Speaking on the topic of “Upholding the Bandung Principles to Ensure Concerted and Adequate Response to the Challenges of the Contemporary World”, Dr Mahathir said going to war is not the only solution to settling disputes.

“Back in 2003, I said, ‘The world lives in fear’. It was said at a time when the statement ‘you’re either with us or against us’ became a catch phrase to bully small and peaceful nations into supporting and justifying military actions against another country alleging that it is a threat to the rest of the world. It was said just a few weeks before Iraq was invaded,” said the world’s oldest leader.

In fact, he said, disputing parties can resort to negotiation or submitting to arbitration by third parties, such as the World Court and the International Court of Justice.

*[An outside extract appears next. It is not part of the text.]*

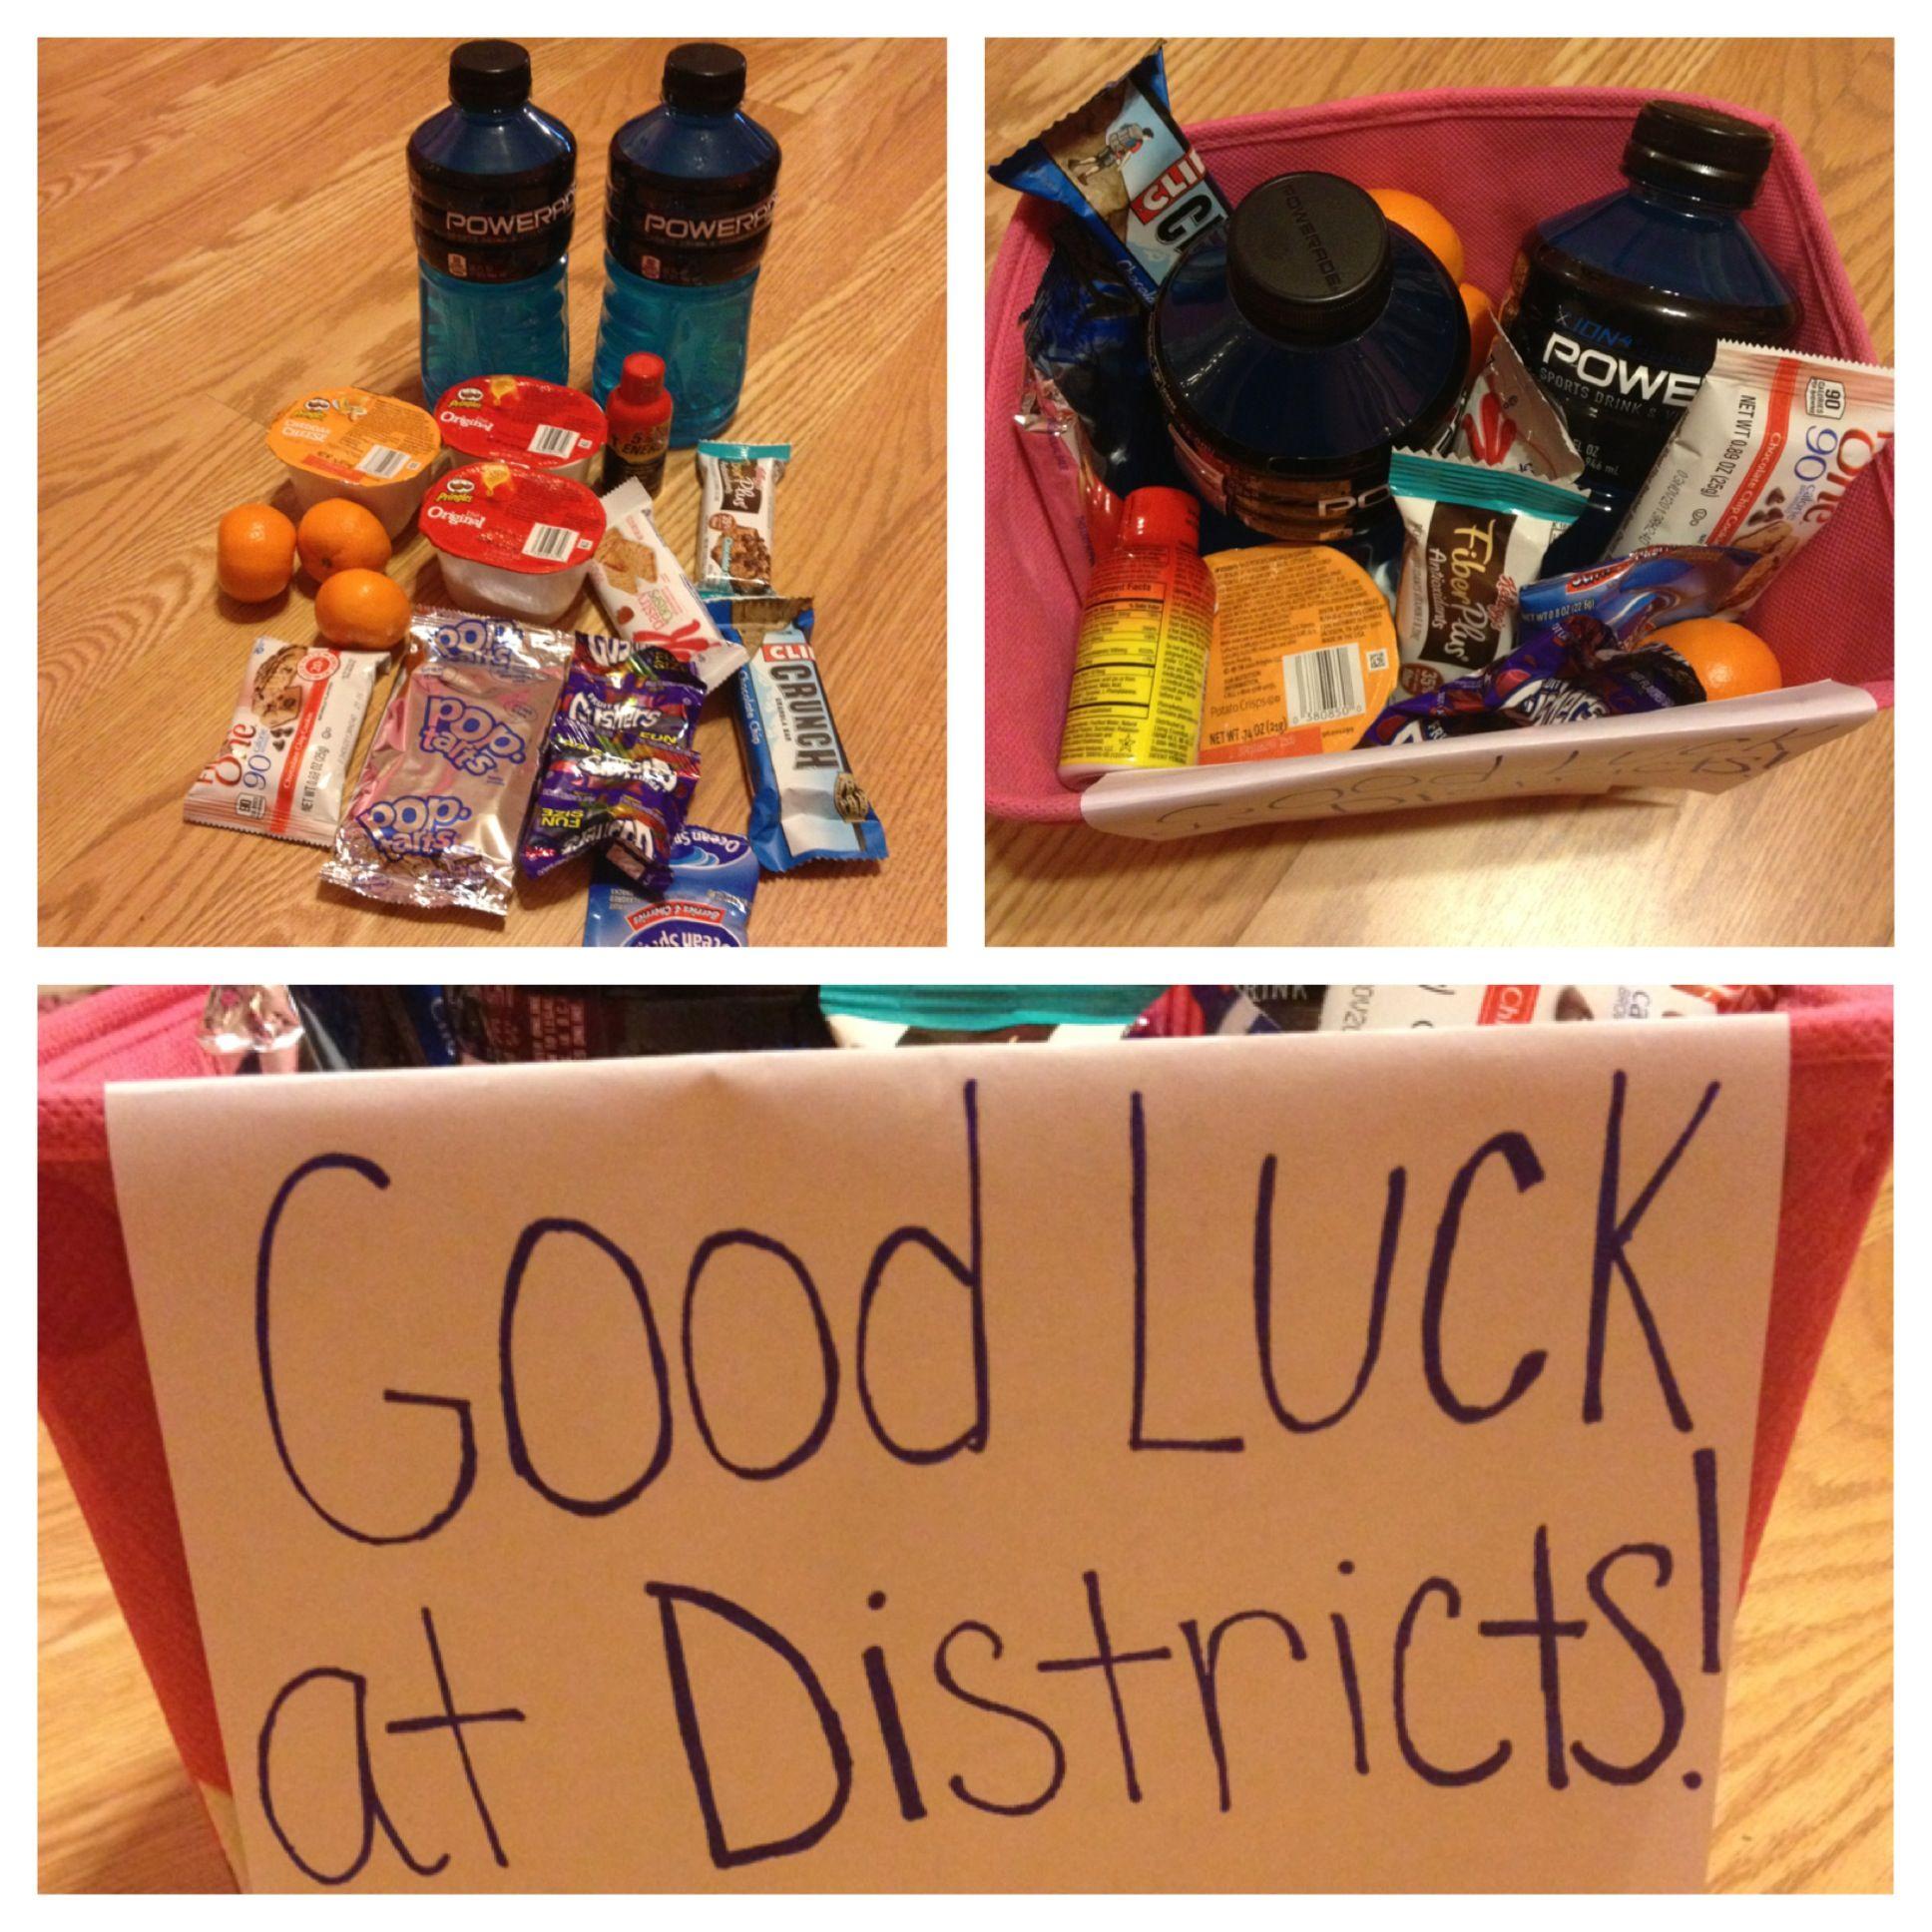 Good luck basket I made for a friend | Stuff I did | Pinterest ...

“And we say this because Malaysia does not just talk; we do. We settle disputes with our neighbours through negotiations and through the World Court. We won some and we lost some. But no one has been killed,” he said.

Dr Mahathir also told the summit that he noticed the Movement, which has 120 member countries and accounts for 55 per cent of the world’s population, has changed and is not as united as it used to be.

Urging members to stay united, he said NAM should not give in to the powerful countries and give them the satisfaction of seeing it divided.

“In the dangerous world we currently live in, we must defend and champion the 10 principles of the 1955 Bandung Conference. But we must do this together. Only then can we continue to revive the Movement towards meeting its objectives,” he said.